The Russian government said today that it had arrested 14 people accused of working for “REvil“, a particularly aggressive ransomware group that has extorted hundreds of millions of dollars from victims’ organizations. The Russian Federal Security Service (FSB) said the actions were taken in response to a request from US officials, but many experts believe the repression is part of an attempt to reduce tensions over Russian President Vladimir Putin’s decision to station 100,000 troops along the nation’s border to Ukraine.
The FSB said it arrested 14 REvil ransomware members and searched more than two dozen addresses in Moscow, St. Petersburg. Petersburg, Leningrad and Lipetsk. As part of the raids, the FSB seized more than $ 600,000 US dollars, 426 million rubles (~ 5.5 million dollars), 500,000 euros and 20 “premium cars” purchased with funds obtained from cybercrime.
“The search activities were based on appeals from the US authorities, who reported on the leader of the criminal community and his involvement in infiltrating information resources from foreign high-tech companies by introducing malicious software, encrypting information and extorting money for its decryption,” said the FSB. “Representatives of the US competent authorities have been informed of the results of the operation.”
The FSB did not release the names of any of the detainees, despite a report by the Russian news agency TASS mentions two defendants: Roman Gennadyevich Muromsky, and Andrey Sergeevich Bessonov. Russian media RIA Novosti released video footage from some of the raids:
REvil is widely believed to be a reincarnation of GandCrab, a Russian-language ransomware-affiliated program that boasted of stealing more than $ 2 billion when it closed the store in the summer of 2019. For about the next two years, REvil’s “Happy Blog” would release press releases , naming and insulting dozens of new victims every week. An analysis from February 2021 by researchers at IBM showed that the REvil gang earned more than $ 120 million in 2020 alone.

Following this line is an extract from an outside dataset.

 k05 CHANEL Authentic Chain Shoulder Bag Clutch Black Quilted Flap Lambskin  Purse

But all that changed last summer when REvil associated with working with another ransomware group – Dark side – the attack Colonial pipeline, causing fuel shortages and price increases throughout the United States. Just months later, a police operation in several countries allowed investigators to hack into the REvil gang’s operations and force the group offline.

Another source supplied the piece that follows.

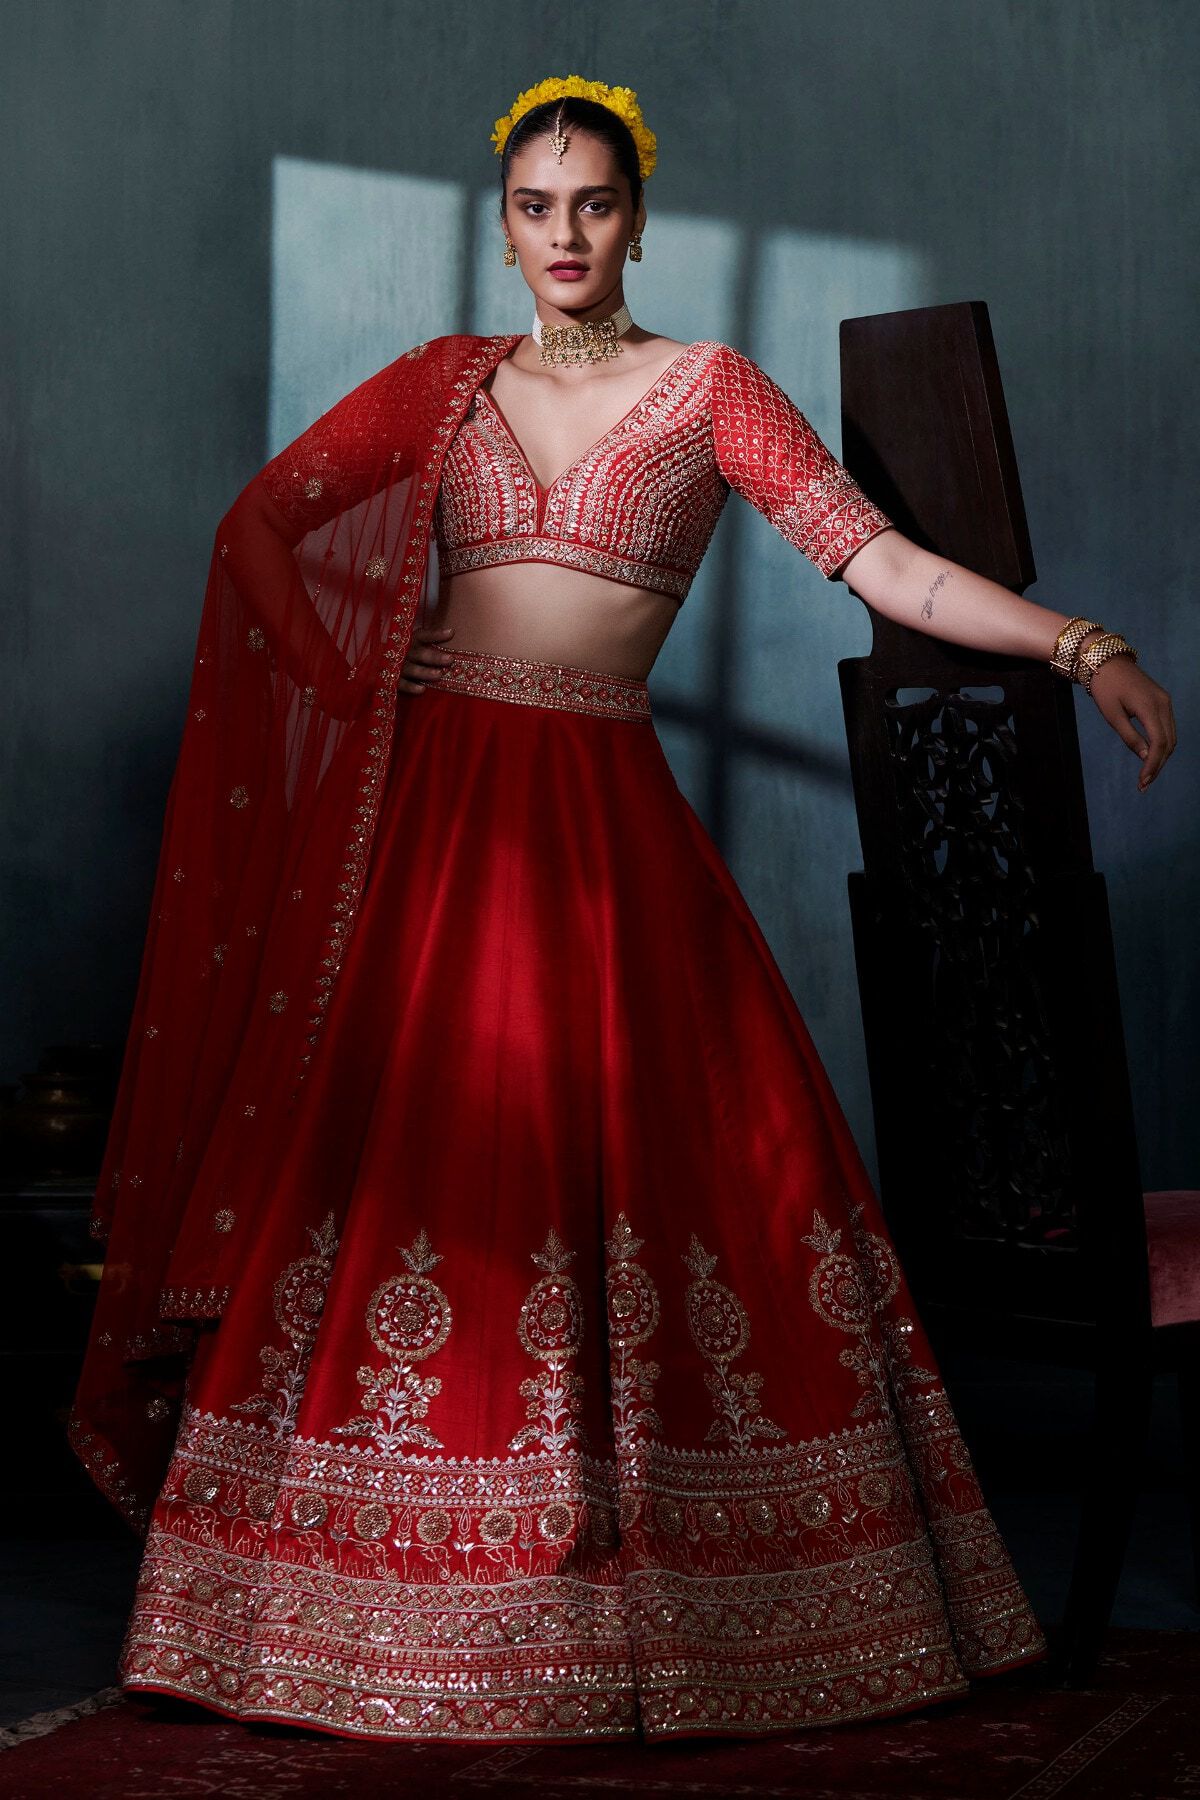 Buy Persian Red Lehenga Choli In Velvet With Multi Colored Hand Embroidered  Mughal Kalis And Floral Motifs Online - Kalki Fashion

In November 2021, Europol announced that they had arrested seven REvil affiliates, who collectively demanded ransoms of more than $ 230 million since 2019. At the same time, U.S. authorities dropped two charges against a pair of accused REvil cybercriminals, who referred to the men as “REvil Affiliate # 22 “and” REvil Affiliate # 23. “
It’s clear that the US authorities have known the real names of REvil’s top captains and moneylenders for some time. Last fall, President Biden told Putin that he expects Russia to act when the United States shares information about specific Russians involved in ransomware activity.
So why now? Russia has gathered about 100,000 troops along its southern border with Ukraine, and diplomatic efforts to eliminate the situation have reportedly broken down. Washington Post and other media outlets report today that the Biden administration has accused Moscow of sending saboteurs into eastern Ukraine to stage an incident that could give Putin a pretext to order an invasion.
“The most interesting thing about these arrests is the timing,” he said Kevin Breen, director of threat research at Immersive Labs. “For years, the Russian government’s policy toward cybercriminals has been less than proactive to say the least. With Russia and the United States currently at the diplomatic table, these arrests are likely to be part of a much broader, multi-layered, political negotiation.”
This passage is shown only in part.